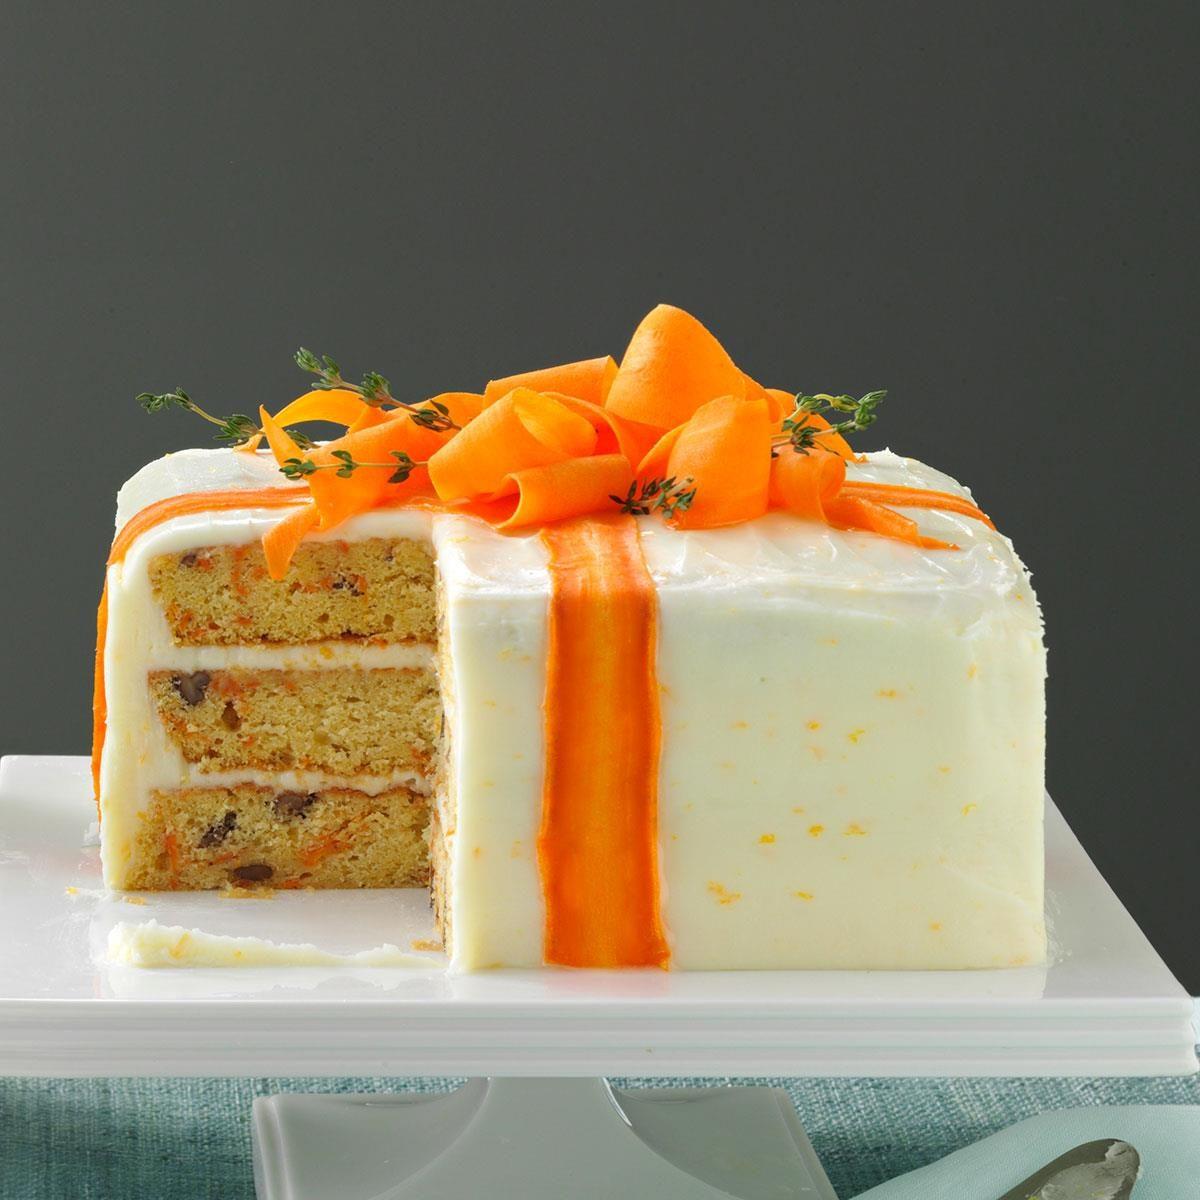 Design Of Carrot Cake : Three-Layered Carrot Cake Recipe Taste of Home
* * *
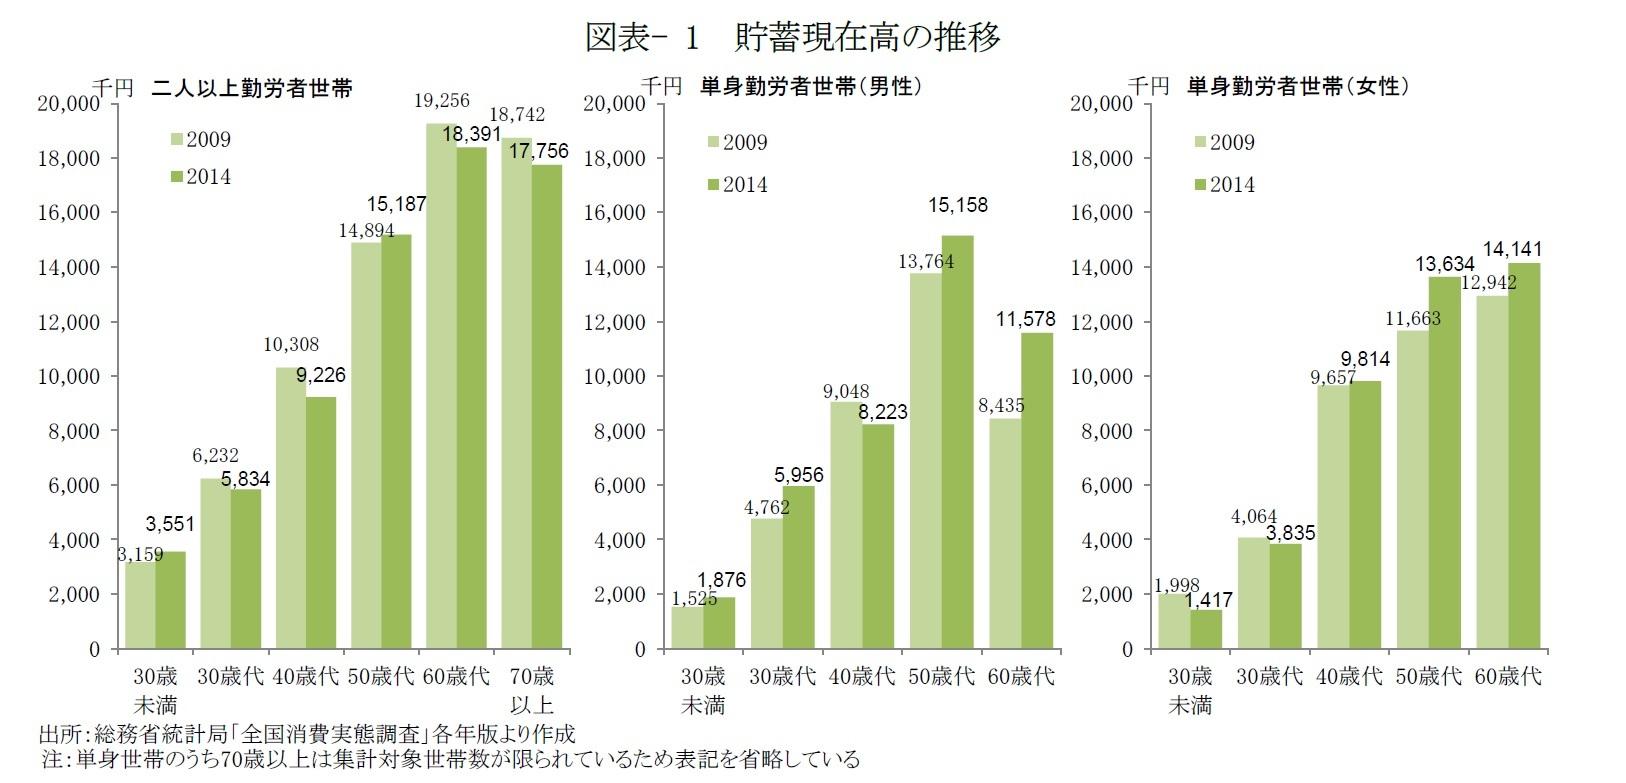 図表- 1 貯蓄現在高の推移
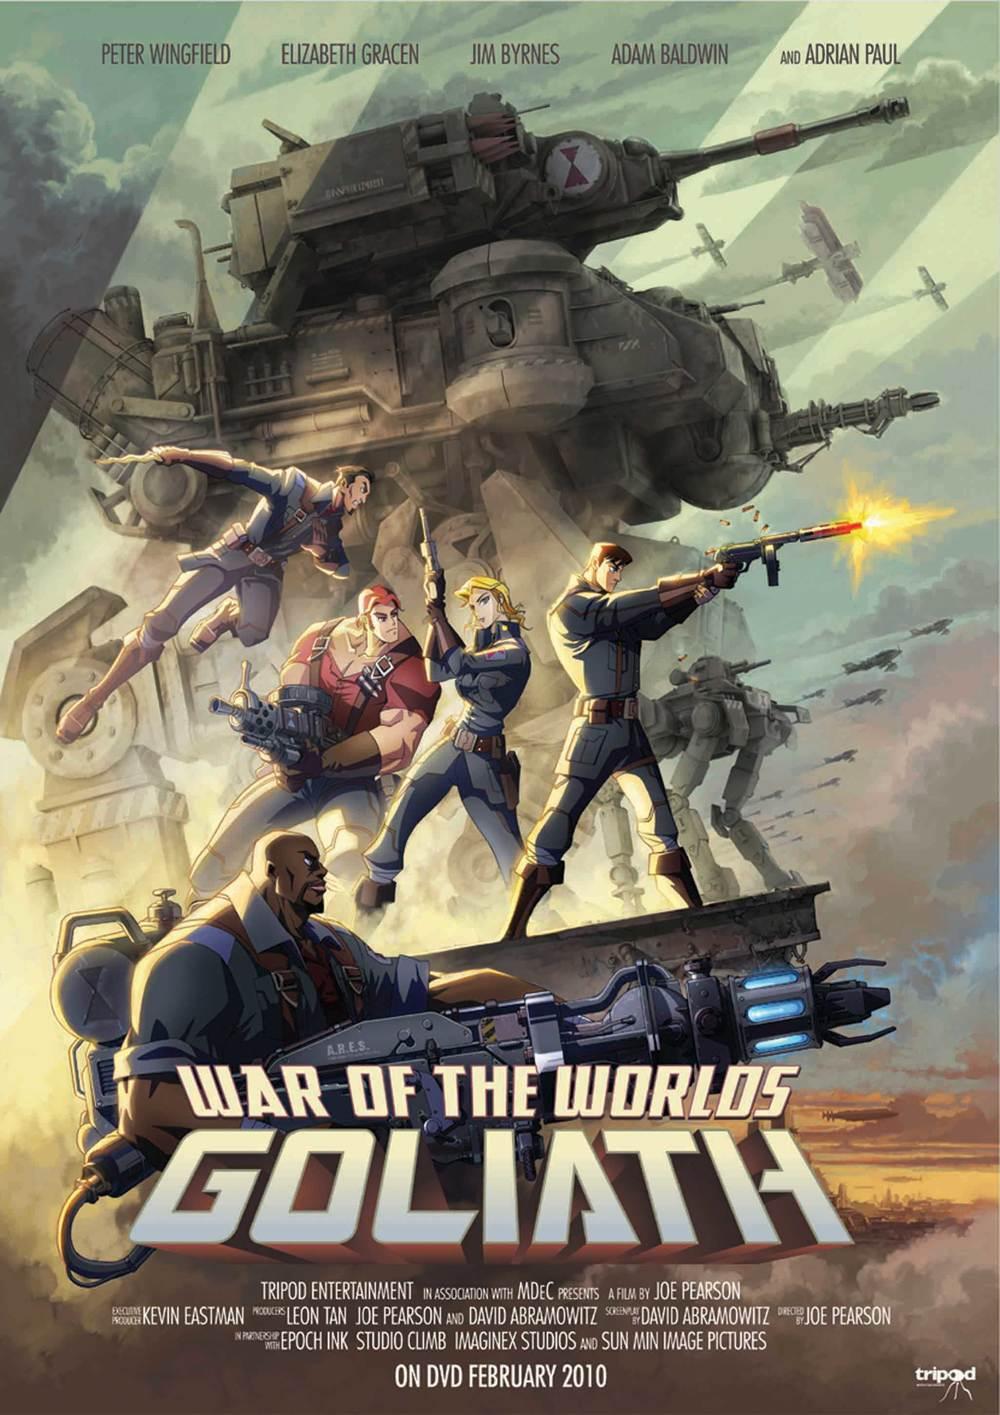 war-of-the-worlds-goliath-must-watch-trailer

* [Required work] Retype, exactly and with no pictures, everything above from the line with "図表- 1 貯蓄現在高の推移" down to the line with "war-of-the-worlds-goliath-must-watch-trailer", both included.

* [Written response]
 図表- 1 貯蓄現在高の推移
 war-of-the-worlds-goliath-must-watch-trailer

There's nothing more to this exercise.